It is a fact well known that Jacques Derrida (1930-2004) started to formulate his theories of deconstructions right around the early 1950’s. It happens that Peter Breger and Thomas Luckman were writing and teaching at The New School for Social Research in New York in those years. Their capital work is titled The Social Construction of Reality in 1966. What they stated is that persons and groups interacting together in a social system form, overtime, concepts or mental representations of each others’ actions, and that these concepts eventually become habituated into reciprocal roles played by the actors in relations to each other. When these roles are made available to other members of society to enter into and play out, the reciprocal interactions are said to be institutionalized. In the process of these institutionalizations, meaning is embedded in society. Knowledge and peoples conceptions (and beliefs) over reality becomes embed in the institutional fabric. Social reality is therefore said to be socially constructed by establishing the individual blocks and overall settlements of our self understanding and the understanding of our society.
Jacques Derrida starts teaching and writing in France at the time when the intellectuals were broadly divided between the phenomenological and structural approaches to understanding individual and collective life.
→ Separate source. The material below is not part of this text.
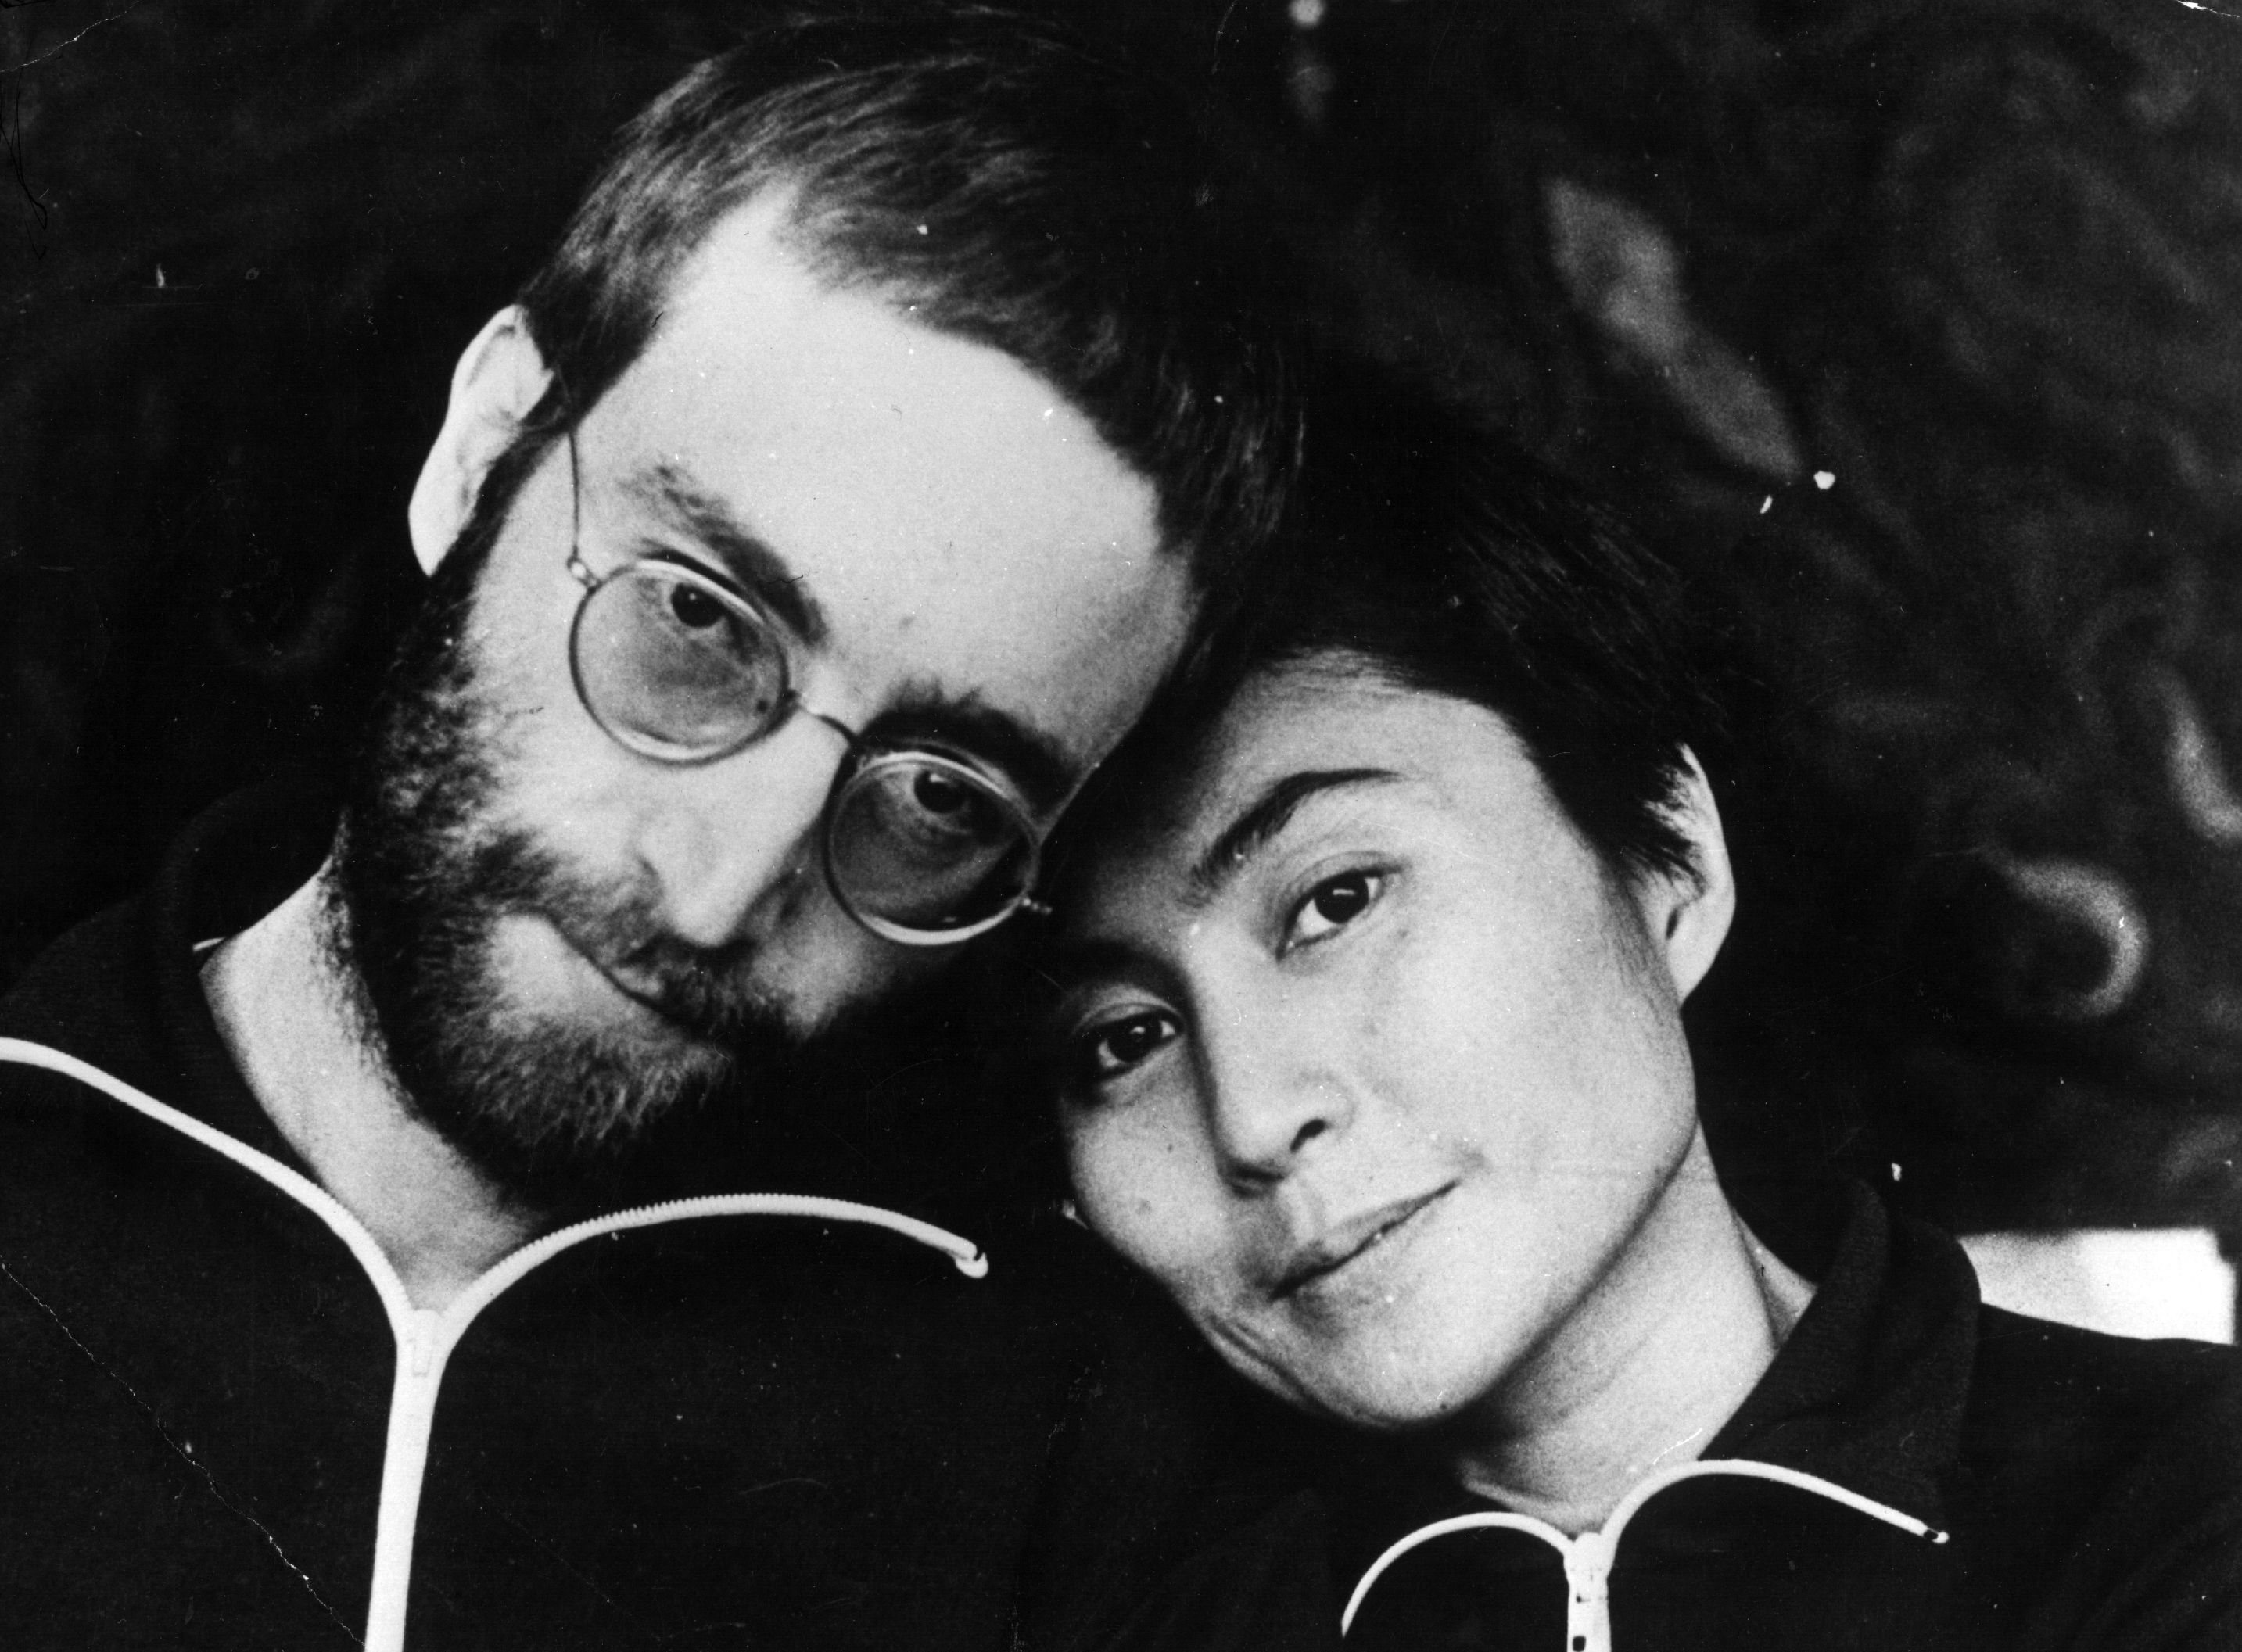 John Lennon and Yoko Ono in black-and-white
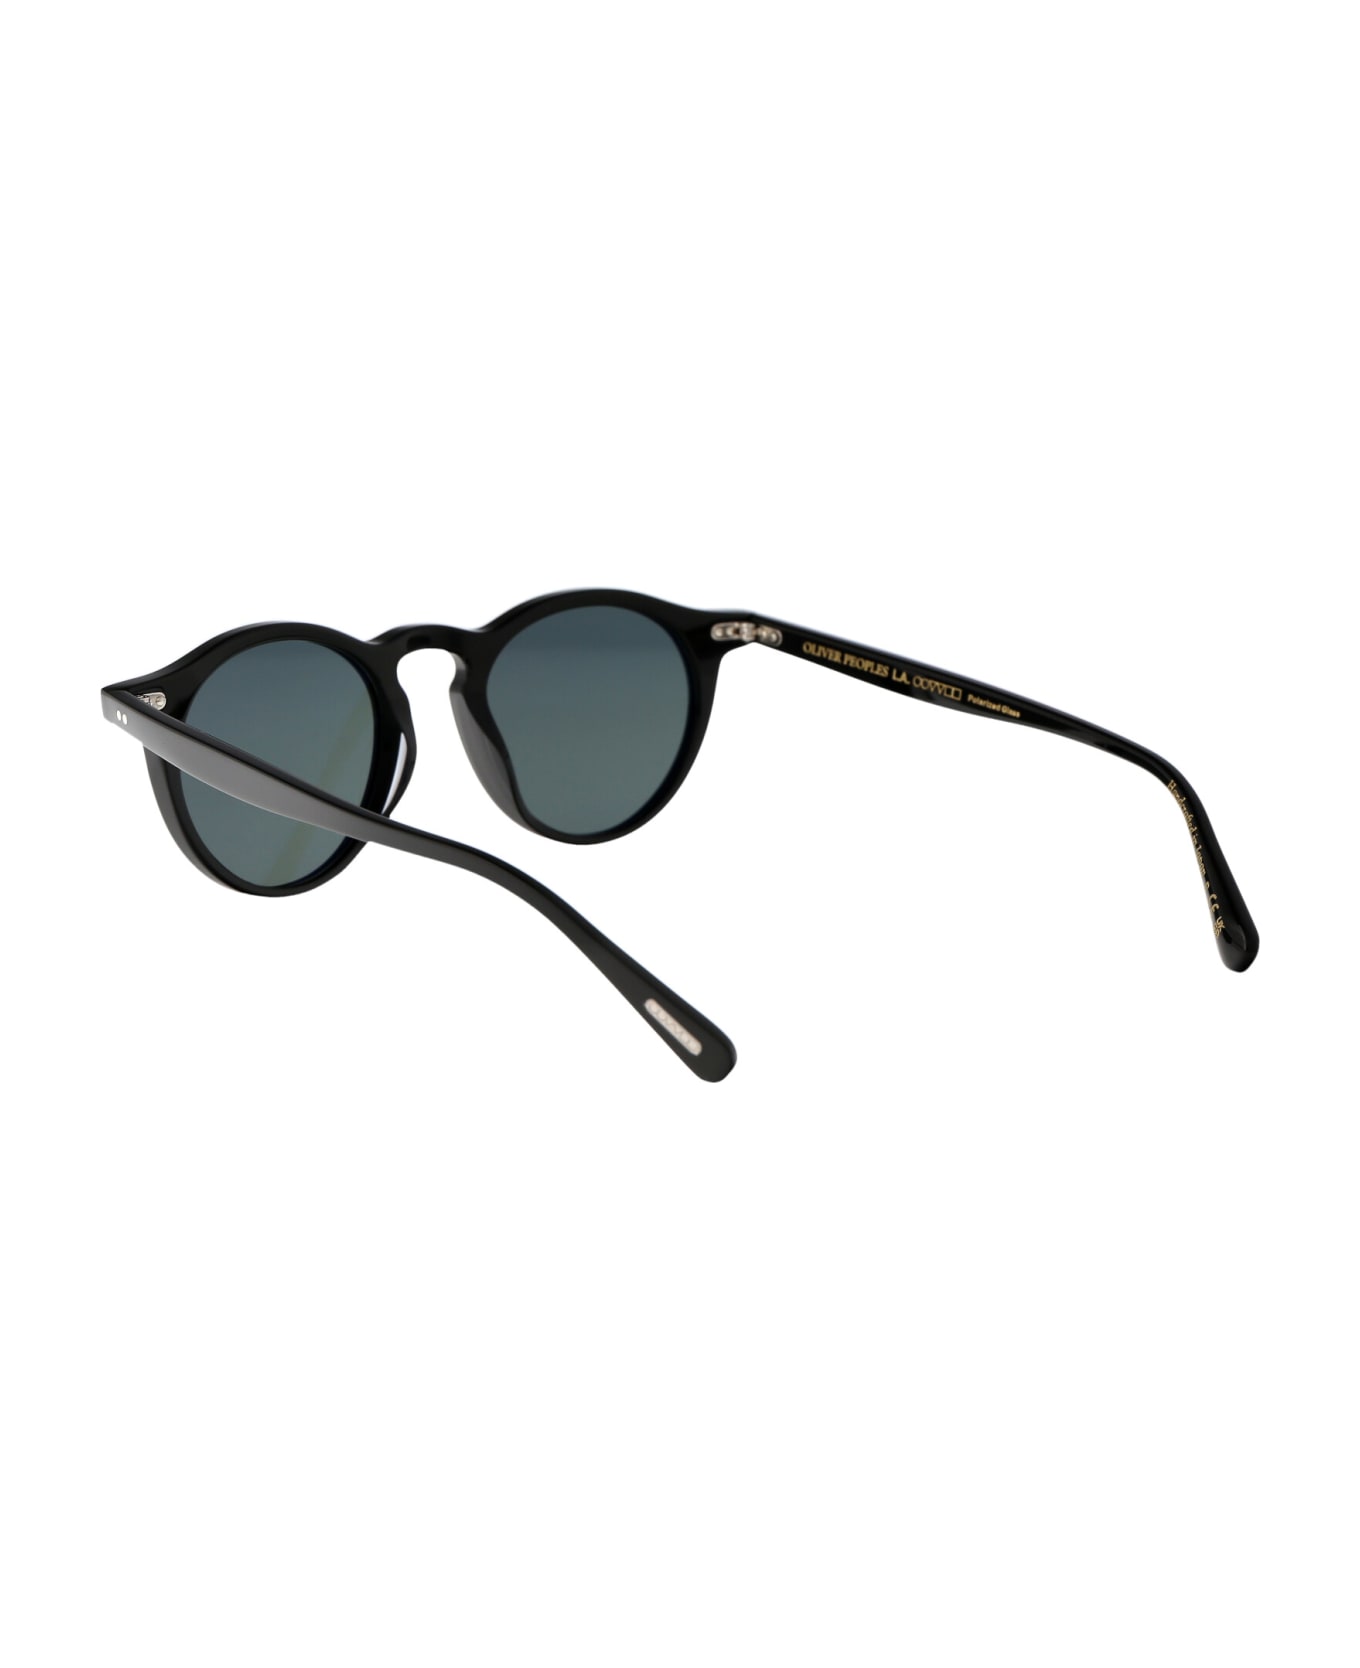 Oliver Peoples Op-13 Sun Sunglasses - 1731P2 Black サングラス

For the phenomenologists the goal was to understand experience by comprehending and describing its genesis and the process of its emergence. For the structuralists, this was precisely the false problem, and the depth of experience could in fact only be an effect of structures which are not themselves experiential, it is in this context that in 1959 Derrida asks the question; must not structure have a genesis, and must not the origin, the point of genesis be already structured, in order to be the genesis of something. For Derrida every structural phenomenon has a history and the structure cannot be understood without understanding his genesis. It is this thought of complexity that sets Derridas’ work in motion and from which derive all of his terms including deconstruction.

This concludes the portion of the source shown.